The story takes place entirely in Pansy Vanneman’s stream of consciousness as doctors, nurses, and hospital workers are  floating in and out of her mind.  Nurses try to draw Pansy out with magazines  and radio.  Pansy’s biggest concern is the integrity of her mind.

The hospital is described as bland, like a bank where her mind is focused on Beauty.  The story takes us deeply into her struggle.  There is an interesting section on her nose surgery where she thinks about how handsome and vain The doctor seems to be.


“A Reading Problem”


This story was first published  in The New Yorker June 22, 1956


“One of the great hardships of my childhood—and there were many, as many, I suppose, as have ever plagued a living creature—was that I could never find a decent place to read. If I tried to read at home in the living room, I was constantly pestered by someone saying, “For goodness’ sake, Emily, move where it’s light. You’re going to ruin your eyes and no two ways about it,” or “You ought to be outdoors with the other youngsters getting some roses in your cheeks.”  


For sure i heard this sort of thing often 

during my early days and I bet others in the forum did  also.


 it turns out the local sherriff loves to read and lets her read in the jail as long as there are no prisinors locked up.

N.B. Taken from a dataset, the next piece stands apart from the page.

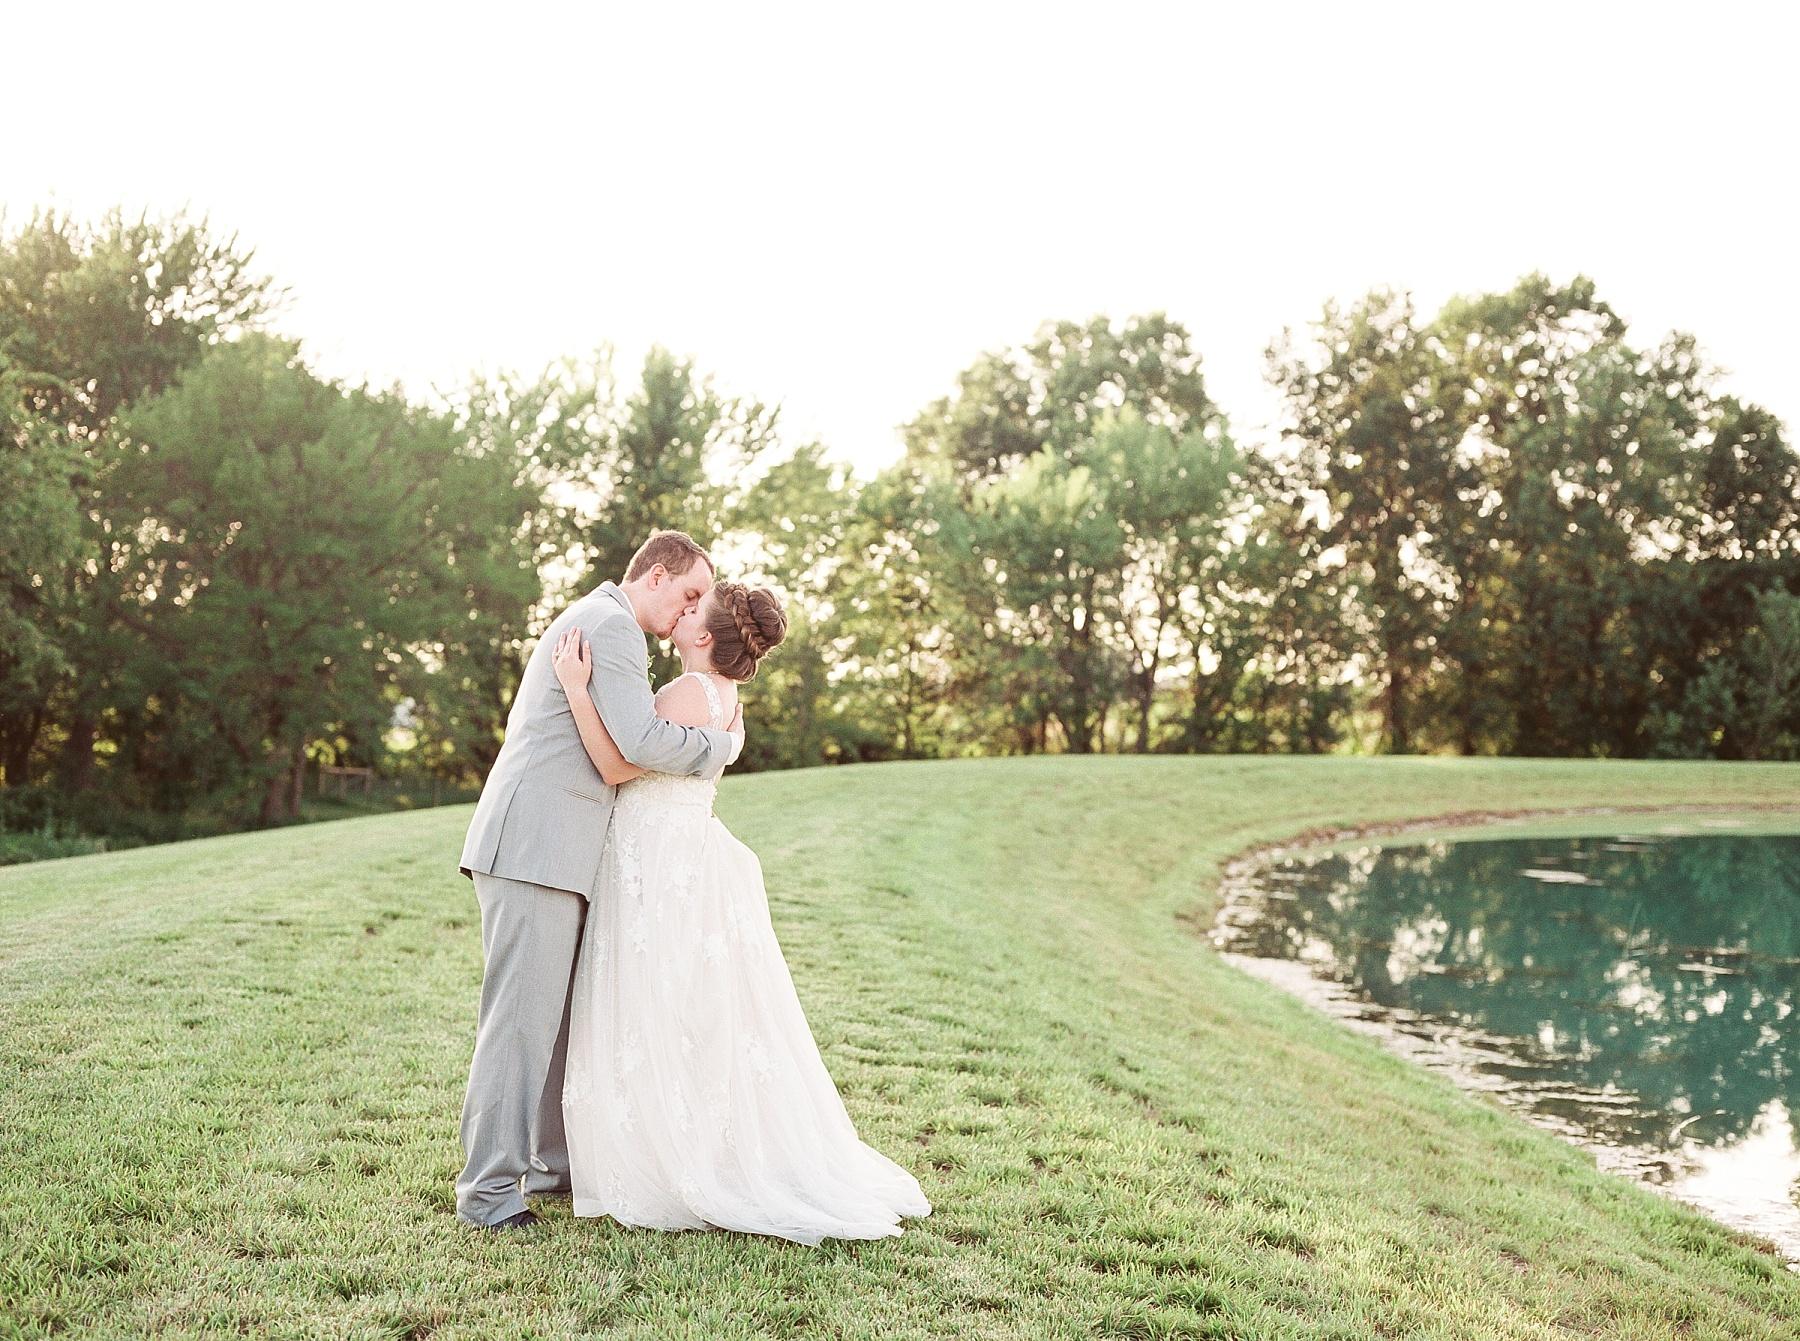 Intimate Summer Wedding at Emerson Fields by Kelsi Kliethermes Photography Best Missouri and Maui Wedding Photographer_0012.jpg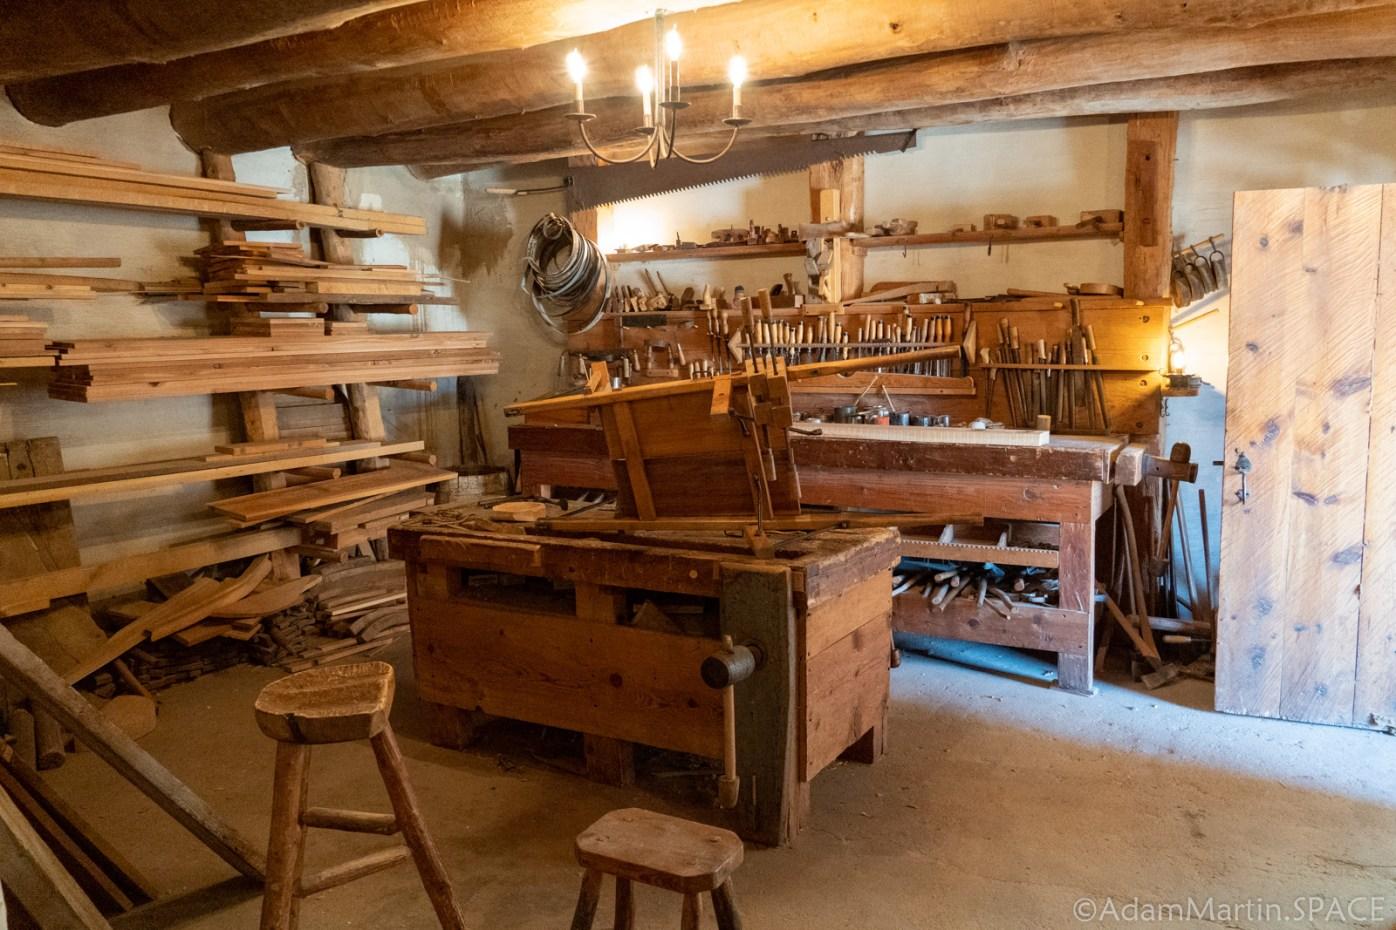 Bent's Old Fort National Historic Site - Carpentry Shop

She enjoys it and the sherriff is very kind and supportive of her Reading”. Then one days he tells her some very Rough sellers of illegal whiskey, moon shine, are coming in and she must stay out until they are gone.  An intersting story that gets much more interesting as she reads by the roadside.  She encounters a man, a traveling preacher, and his daughter, her age.  They see her Reading so they offer her book, meant to save souls, for $1.00, a fortune to her.  They reduce price to fifty cents.  They insist she get The money from her parents.  What ensued from here is Right out of a perfect southern Gothic classic.


The ending is a joy.


I selected these two stories because they are so adifferent from each other.


I am confident other great stories await me.